Undecidability of Equivalence for RE Languages

This file proves that equivalence cannot be decided for recursively enumerable (RE) languages. More precisely, there is no computable predicate that decides whether two codes compute the same partial function.

The proof proceeds in two steps:

1. Fixed-reference undecidability (RE_equivalence_undecidable_fixed): By Rice's theorem, the predicate "does code c compute the same function as Code.zero?" is not computable. The property {f | f = Code.zero.eval} is non-trivial because pure 0 satisfies it while fun _ ↦ Part.none does not.

2. General equivalence undecidability (RE_equivalence_undecidable): If the binary equivalence predicate on Code × Code were computable, we could fix one argument to Code.zero and obtain a computable unary predicate, contradicting step 1.

Main results

• RE_equivalence_undecidable_fixed — comparing against a fixed code is undecidable.
• RE_equivalence_undecidable — equivalence of two codes is undecidable.

theorem RE_equivalence_undecidable_fixed : ¬ComputablePred fun (c : Nat.Partrec.Code) => c.eval = Nat.Partrec.Code.zero.eval

Comparing any code against a fixed code (Code.zero) is undecidable.

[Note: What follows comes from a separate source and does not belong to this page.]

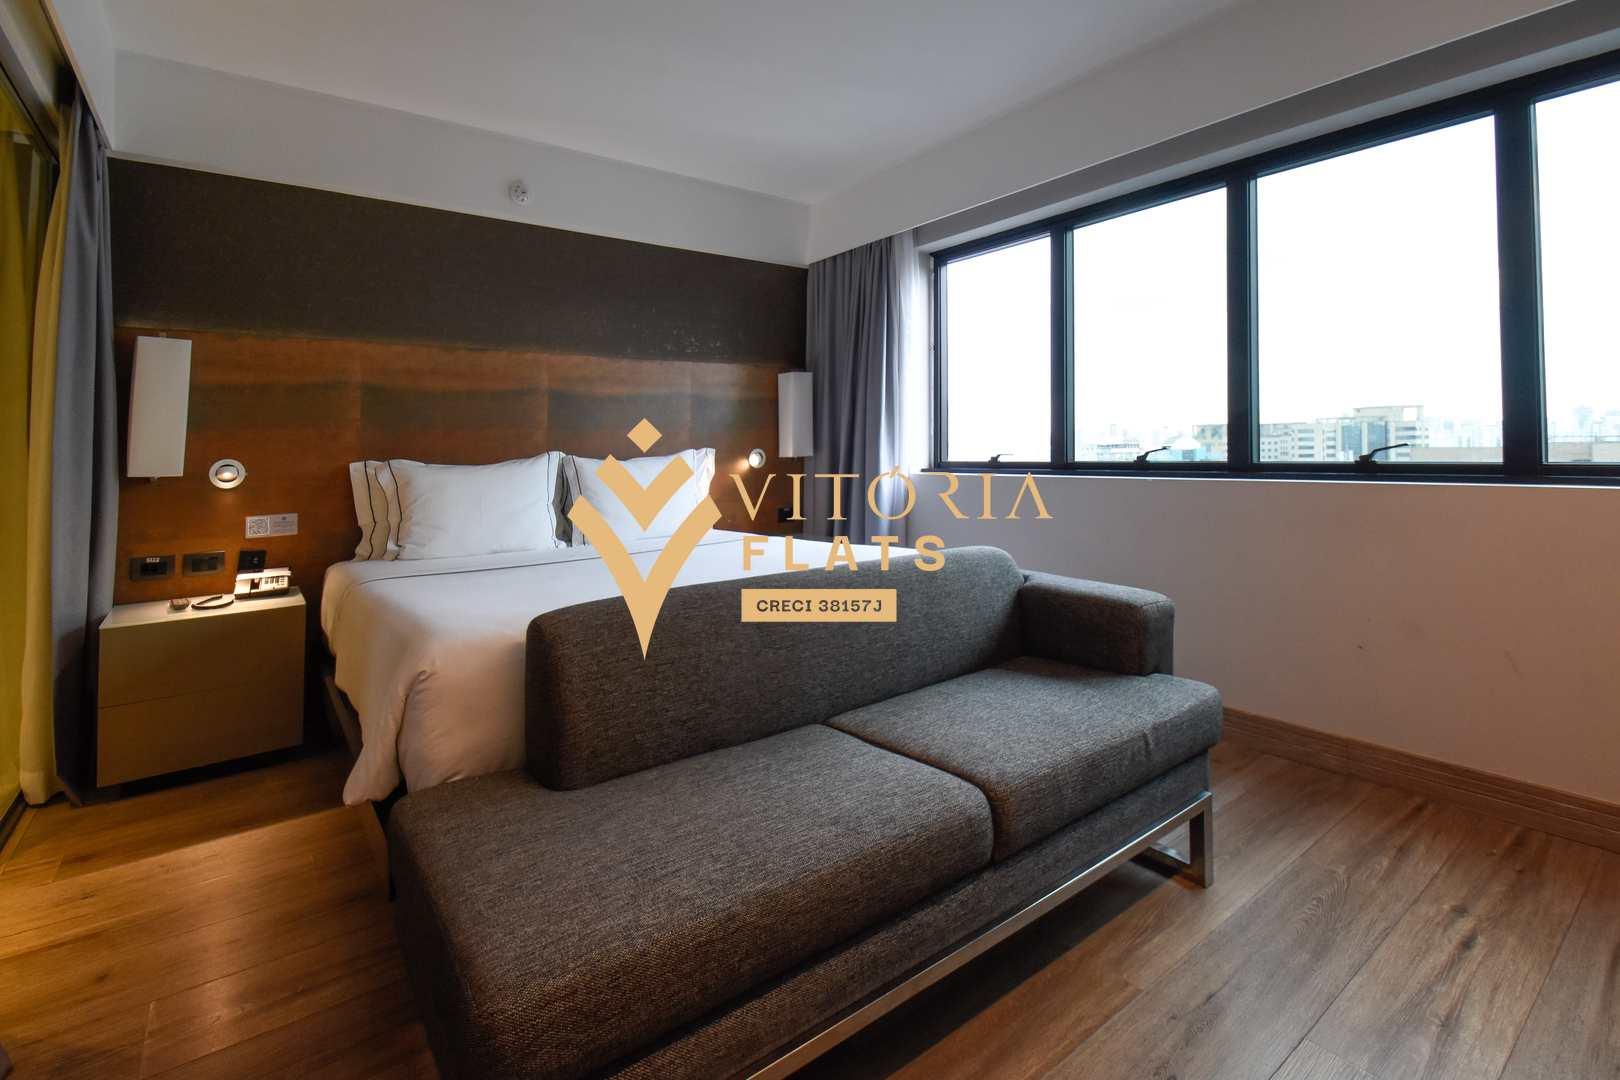 Flat com 1 dorm, Indianópolis, São Paulo - Cod: 58959182

This is an instance of Rice's theorem: the semantic property {f | f = Code.zero.eval} is non-trivial.

theorem RE_equivalence_undecidable : ¬ComputablePred fun (p : Nat.Partrec.Code × Nat.Partrec.Code) => p.1.eval = p.2.eval

Equivalence is undecidable for RE languages.

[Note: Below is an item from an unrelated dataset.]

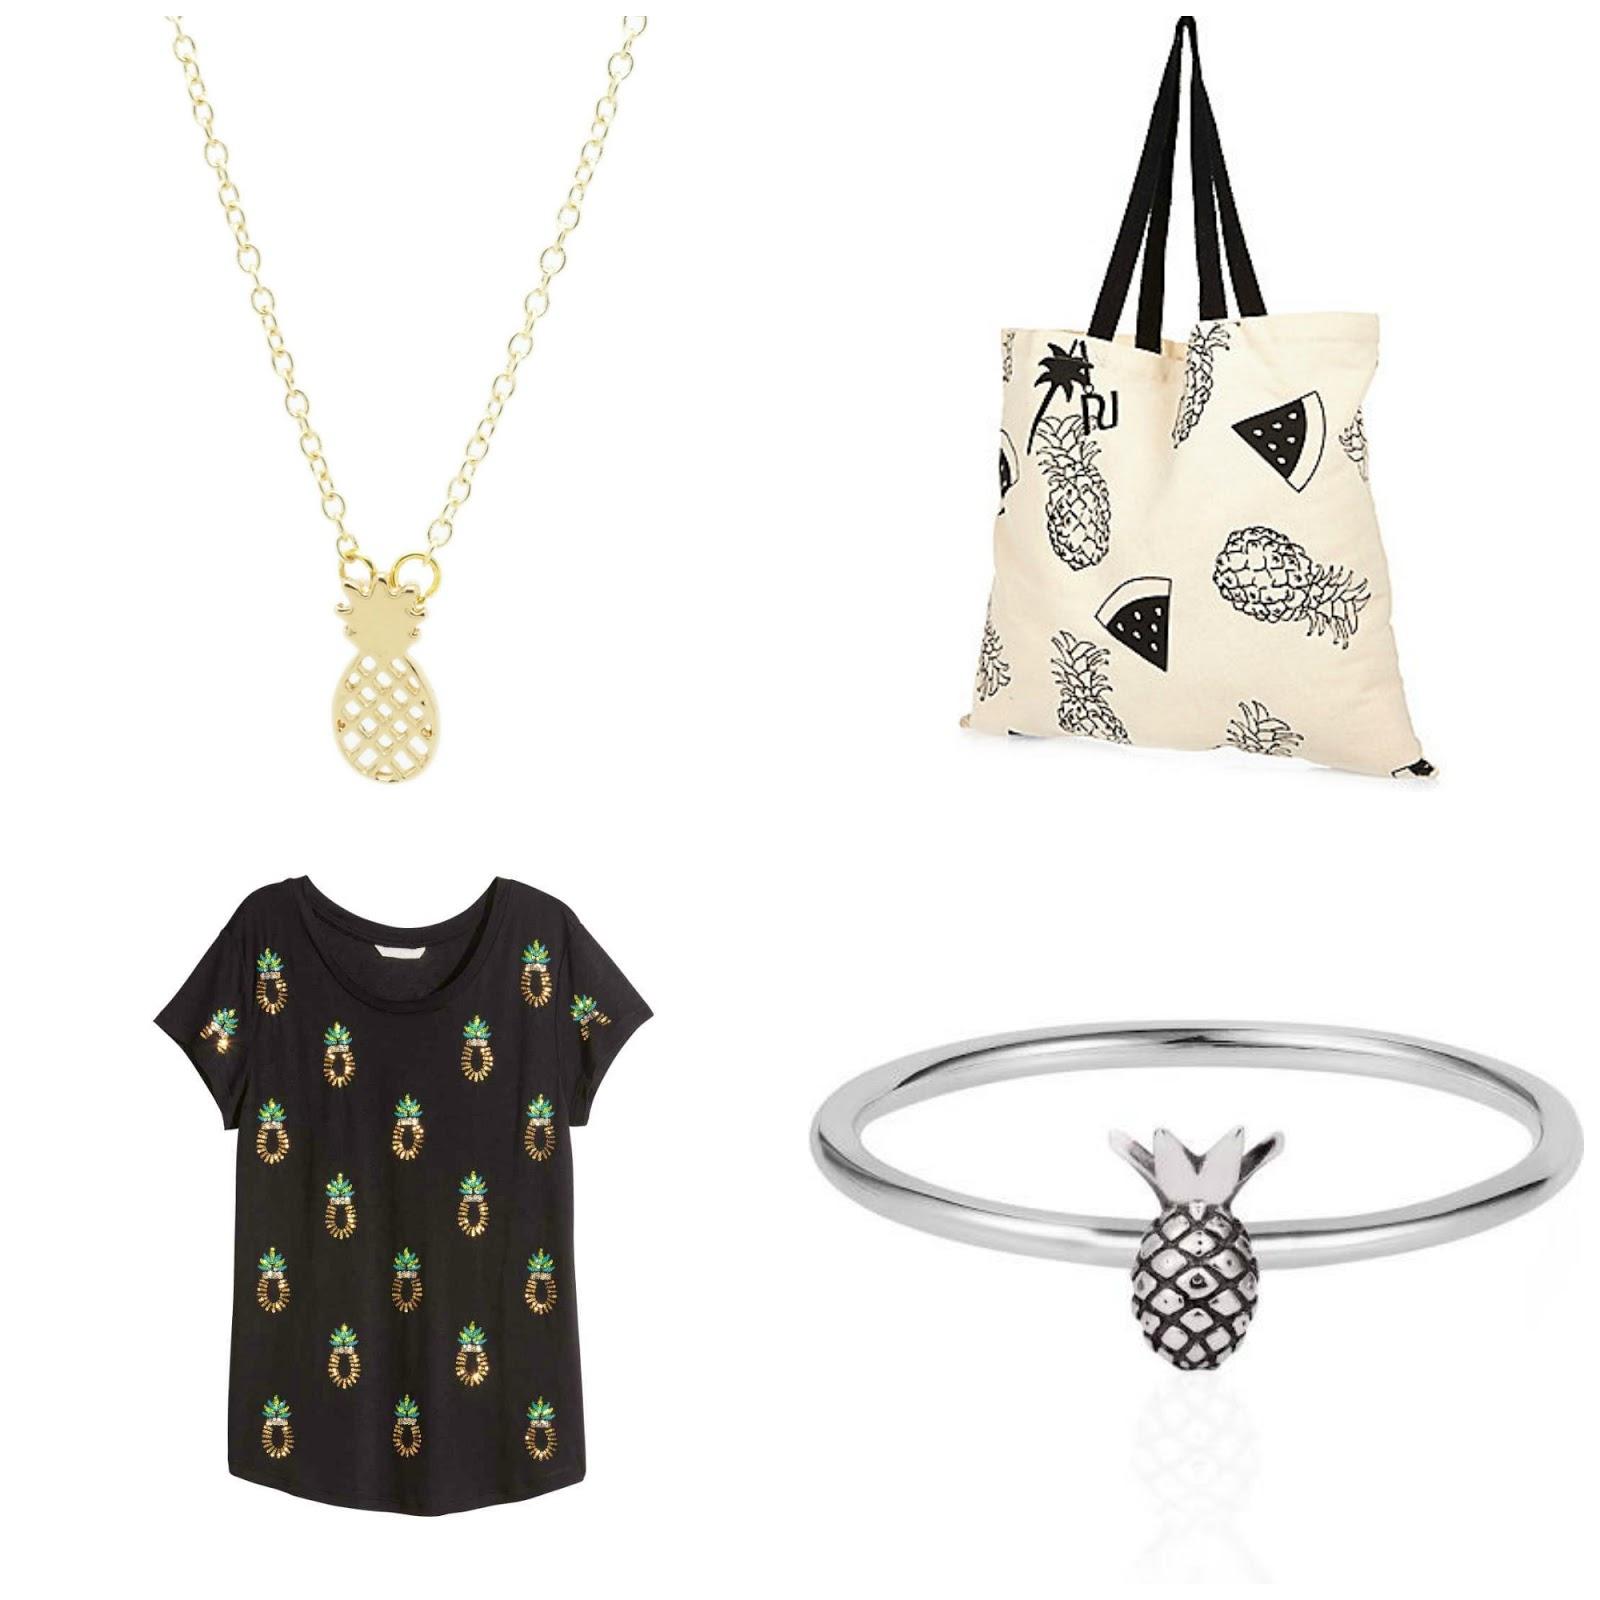 Pineapple Accessories pineapple accessories - em's mixed bag

There is no algorithm that, given two codes c₁ and c₂ for partial-recursive functions, decides whether c₁ and c₂ compute the same function.

Proof. If such an algorithm existed, fixing the second argument to Code.zero would yield a computable predicate deciding c.eval = Code.zero.eval, contradicting RE_equivalence_undecidable_fixed.

theorem recursivelyEnumerable_computableEquivalence_undecidable {RE : Set (Language (ℕ × ℕ))} : ¬ComputableEquivalence RE partrecCodeGraphLanguageOf

Equivalence for RE codes is not uniformly computable.